WHAT YOU NEED TO DO: Return the line containing "Ausdrücken Sie Ihre" and every line beneath it through the end of the entries below, unchanged. Pictures stay out.

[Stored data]

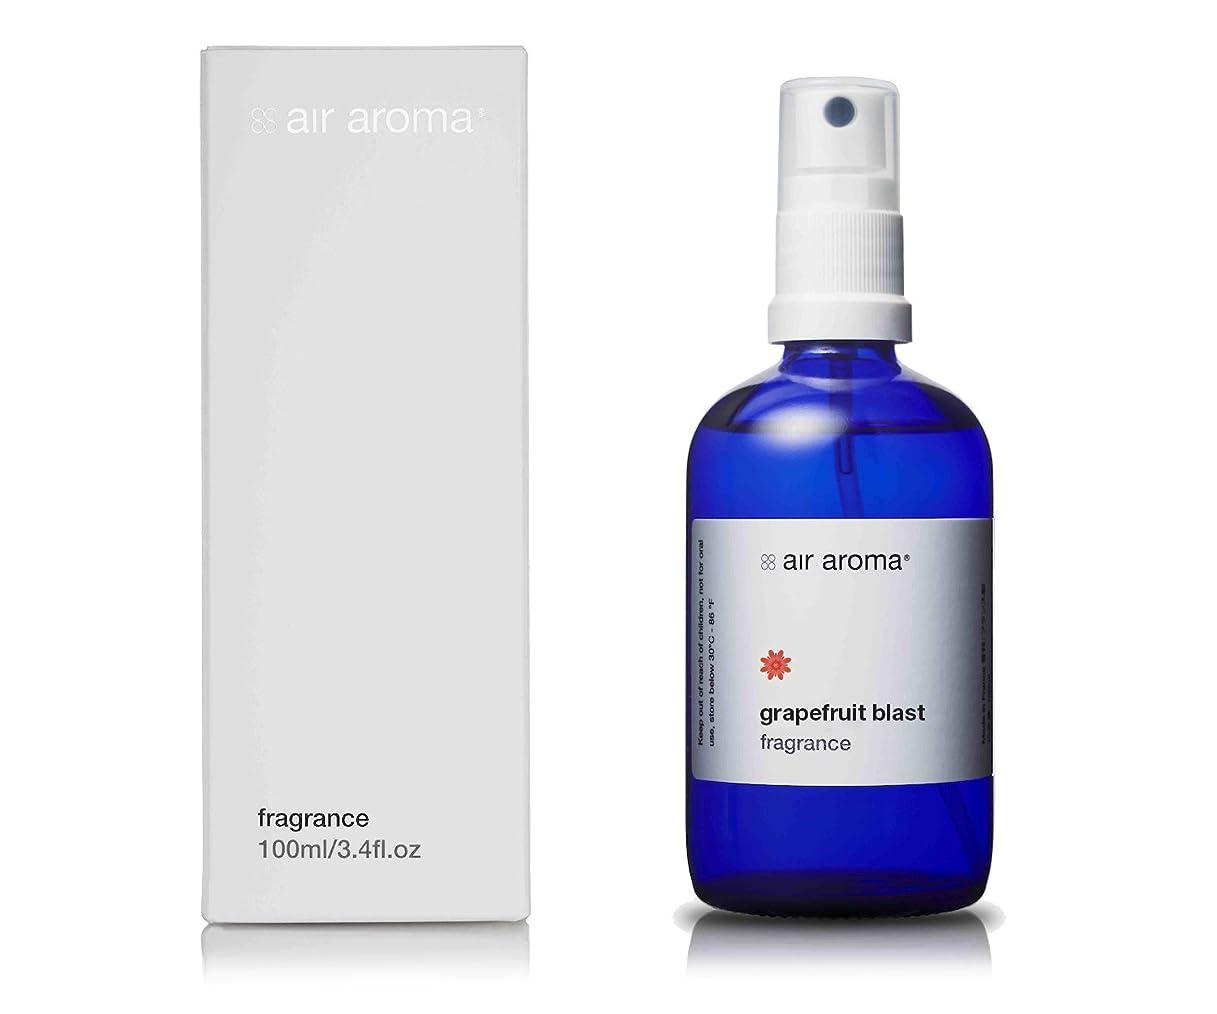 不純幼児略奪エアアロマ grapefruit blast room fragrance(グレープフルーツブラストルームフレグランス)100ml
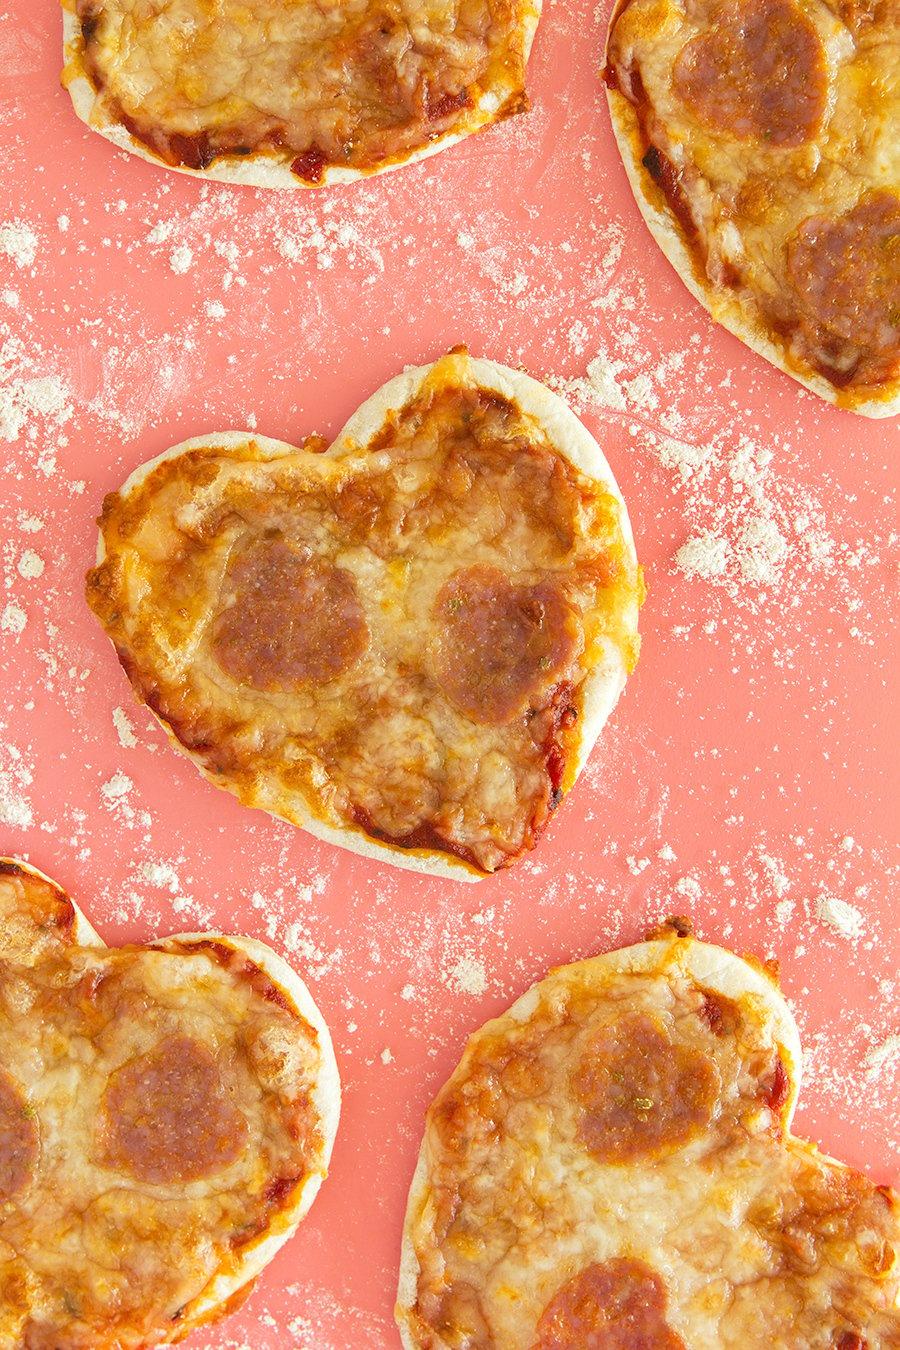 Ausdrücken Sie Ihre Gefühle durch unser Rezept für Pizza mit Herz -Form!
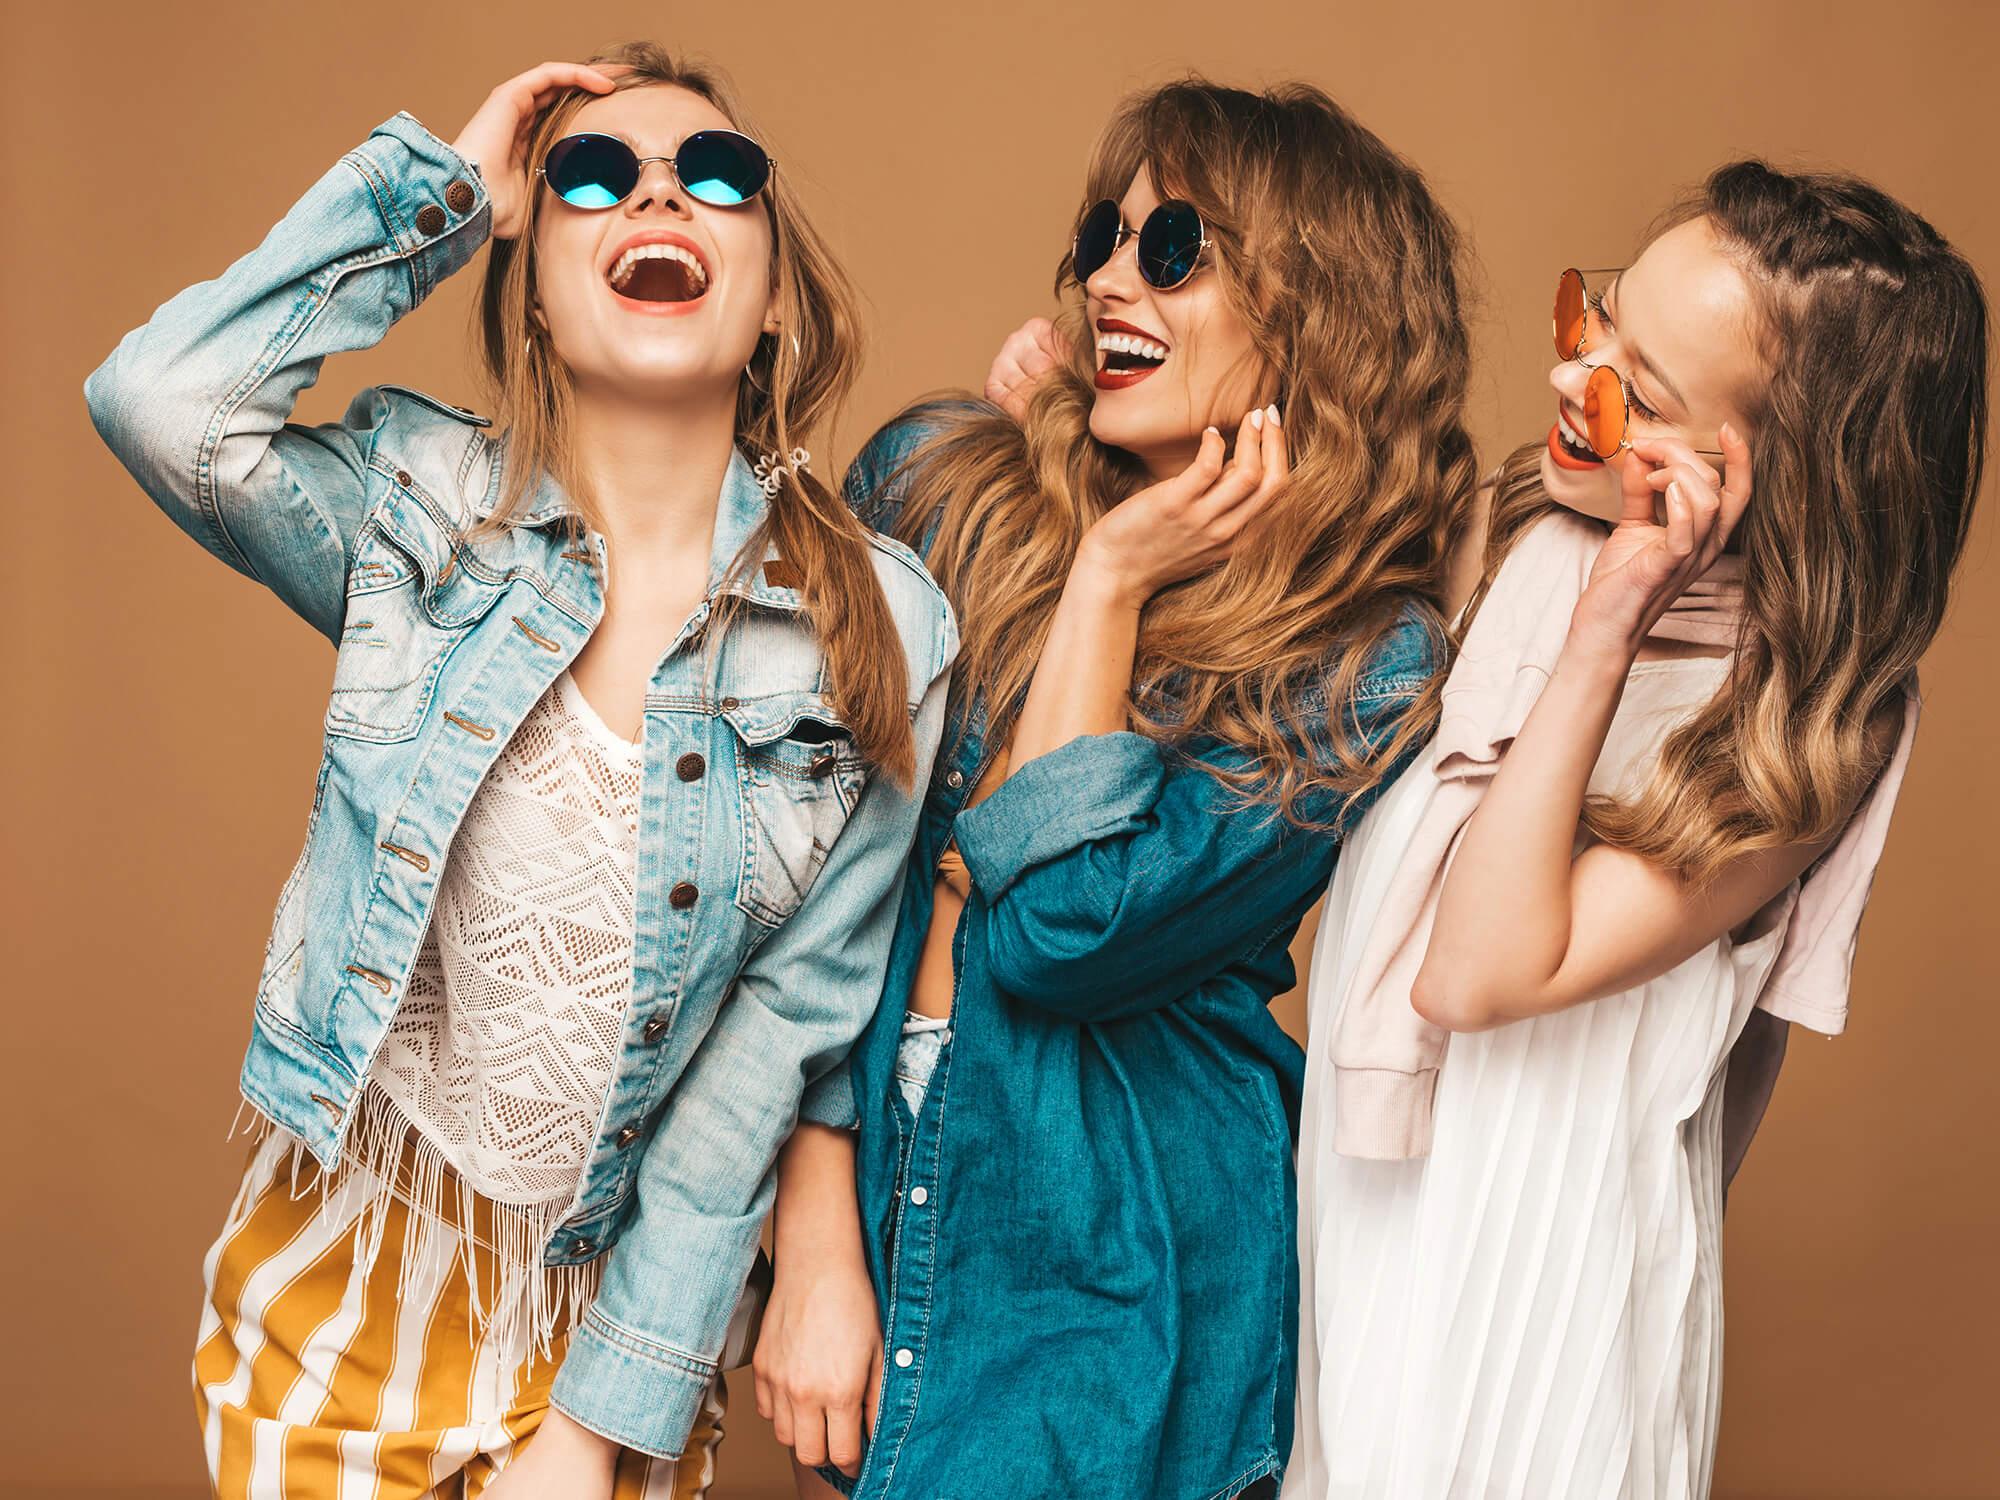 Top 5 temas para blogger de moda, moda, maquillaje, tendencia ...
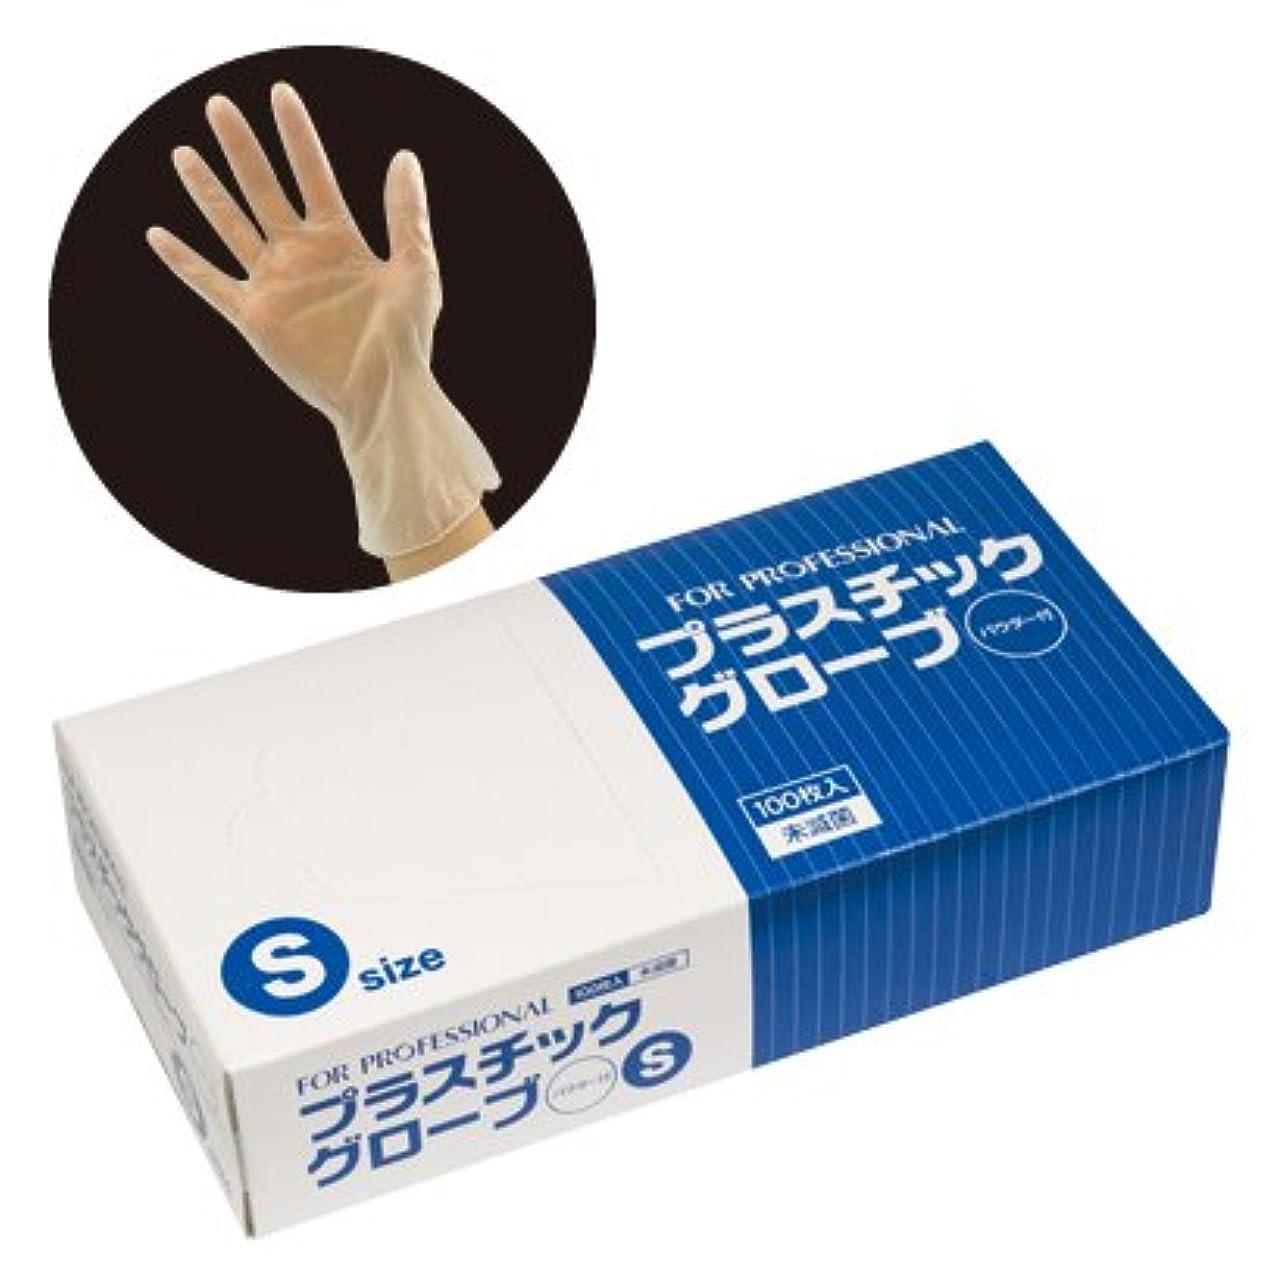 エロチック裁量谷【業務用】 FEED(フィード) プラスチックグローブ(手袋) パウダー付/S カートン (作業用) 100枚入×10ケース (329.4円/1個あたり)
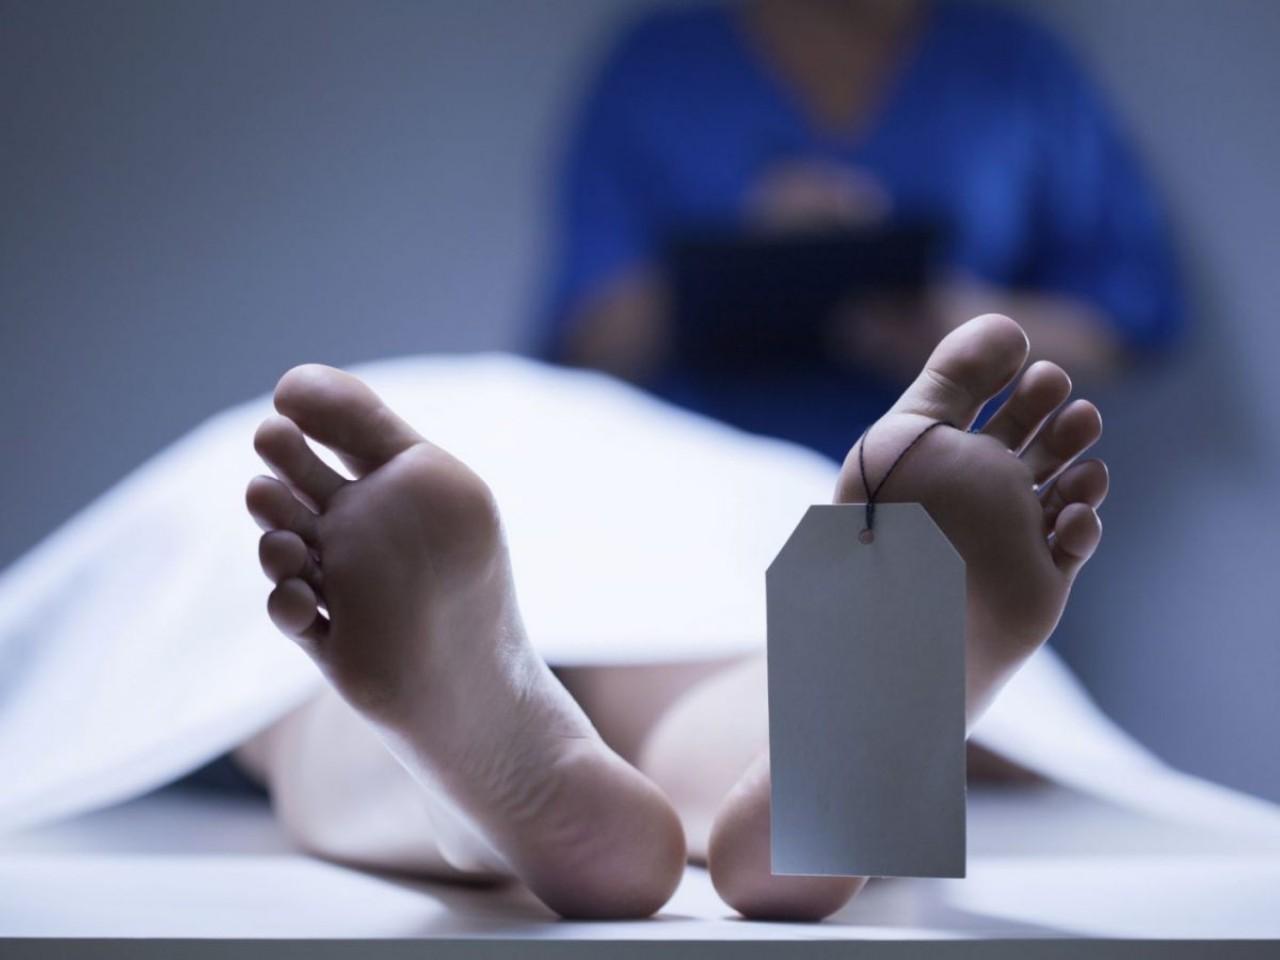 بحر العرائش يلفظ جثة شابة بعد اختفائها بساعات قليلة

YOUR SOLUTION:
 Ausdrücken Sie Ihre Gefühle durch unser Rezept für Pizza mit Herz -Form!
 Top 5 temas para blogger de moda, moda, maquillaje, tendencia ...
 エロチック裁量谷【業務用】 FEED(フィード) プラスチックグローブ(手袋) パウダー付/S カートン (作業用) 100枚入×10ケース (329.4円/1個あたり)
 بحر العرائش يلفظ جثة شابة بعد اختفائها بساعات قليلة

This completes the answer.